When the inevitable arises, and our parents, who spent so long raising us and shaping us, begin to need help themselves, are you actually caring for them in the way that they want? As our parents get older and they rely on us to support them, physically and emotionally, we have to give thought to the entire package when it comes to caring. Not just about paying lip service to the idea, but also ensuring we look after their best interests. What are the things that we need to touch on to ensure that we are giving them our attention, but also looking after what is important to them?
Not Making Decisions Without Their Input
This is one of those things that happen more often than you’d think. Many siblings can gather around a kitchen table to decide on the best course of action for their aging parents, but it becomes clear who is actually interested in their welfare and who is edging for a bigger slice of the inheritance. While this is an elephant in the room many people don’t like to tackle, when we are making decisions for the benefit of our parents, maybe if they’re not of sound mind anymore, we have to do what we can to serve their wishes well. This may mean putting them into a retirement community rather than a “care home” and this could make all the difference. It’s very simple; if we want to serve our parents best wishes, we just have to ask them what they want. But surprisingly, there are many children of aging parents that don’t think like this.

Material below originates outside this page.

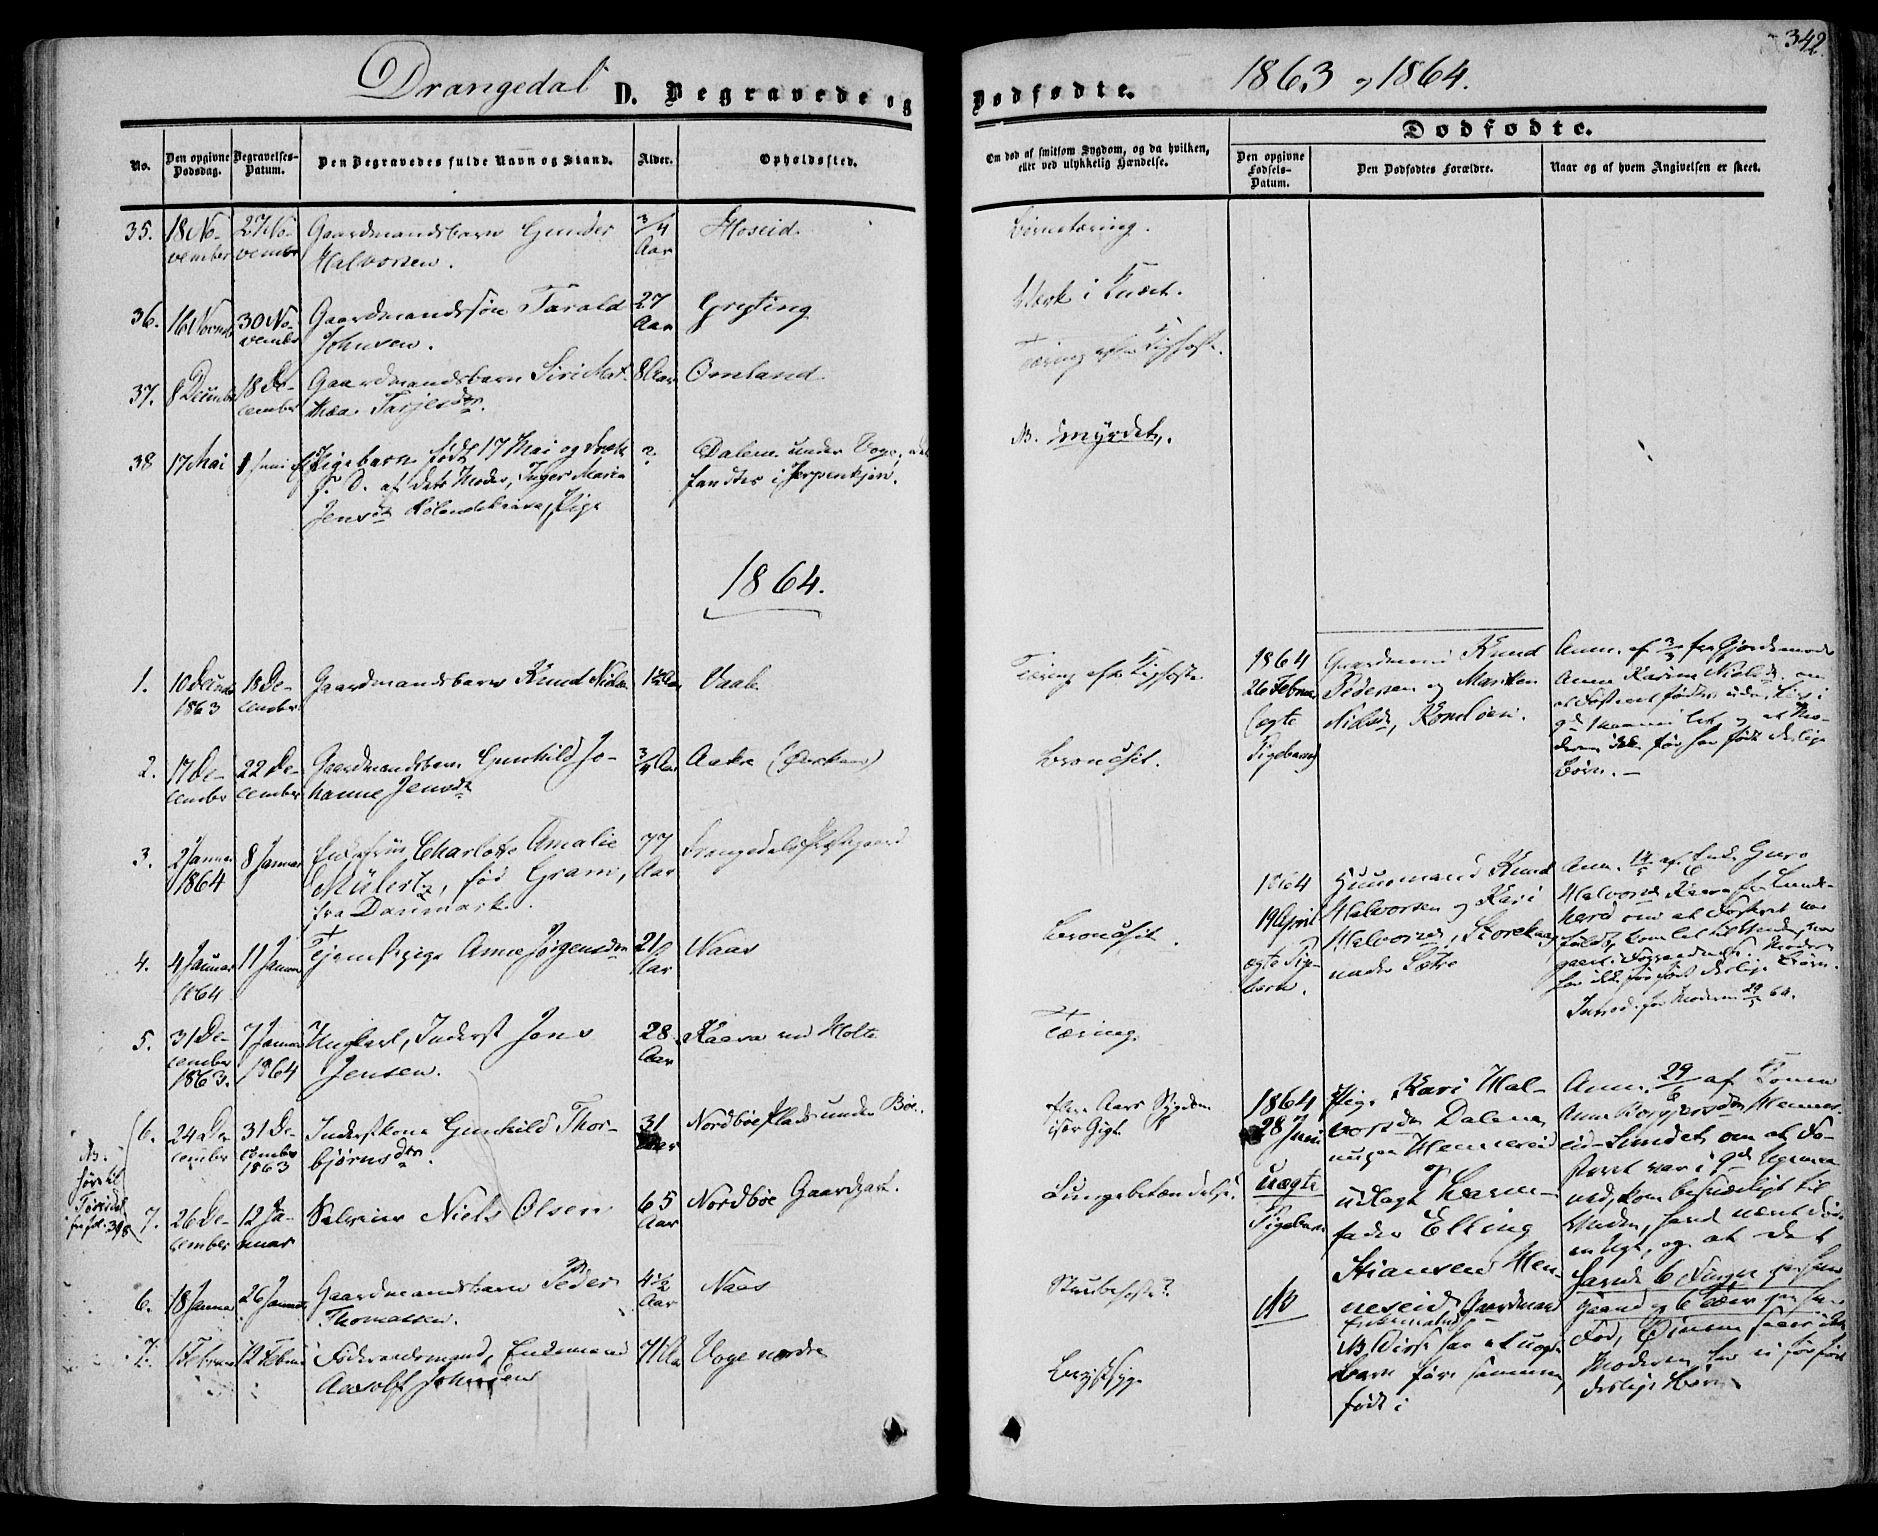 SAKO, Drangedal kirkebøker, F/Fa/L0008: Ministerialbok nr. 8, 1857-1871, s. 342

Making Them A More Prominent Part Of Our Lives
As our parents age, we may realize how much we’ve taken them for granted over the years. They’ve done a lot for us, financially and emotionally, and if the shoe was on the other foot, how would we feel if we were being put out to pasture? In looking after our parents best interests, maybe it’s worth extending those olive branches all over again? If you have children, and the issue of distance gave you a reason to not visit your parents, as the reality sets in that your parents need more help, it’s time to take on more duties. We all make excuses in this respect, perhaps we’re too busy with our own lives, but if we are intent on making some sort of amends, either with our parents or with our own conscience then we’ve got to work at making our parents more involved. We can place the blame on them, but for those who are determined to make it work and refocus back on to our parents, they will shoulder the strain.
In life, there are a few incidents that make us realize the futility of life. As our parents get older, and we become the caregivers, everything can come into focus. As our parents get older, they can get sidelined, but if you want to give them the dignity they deserve, it’s about extending the olive branch.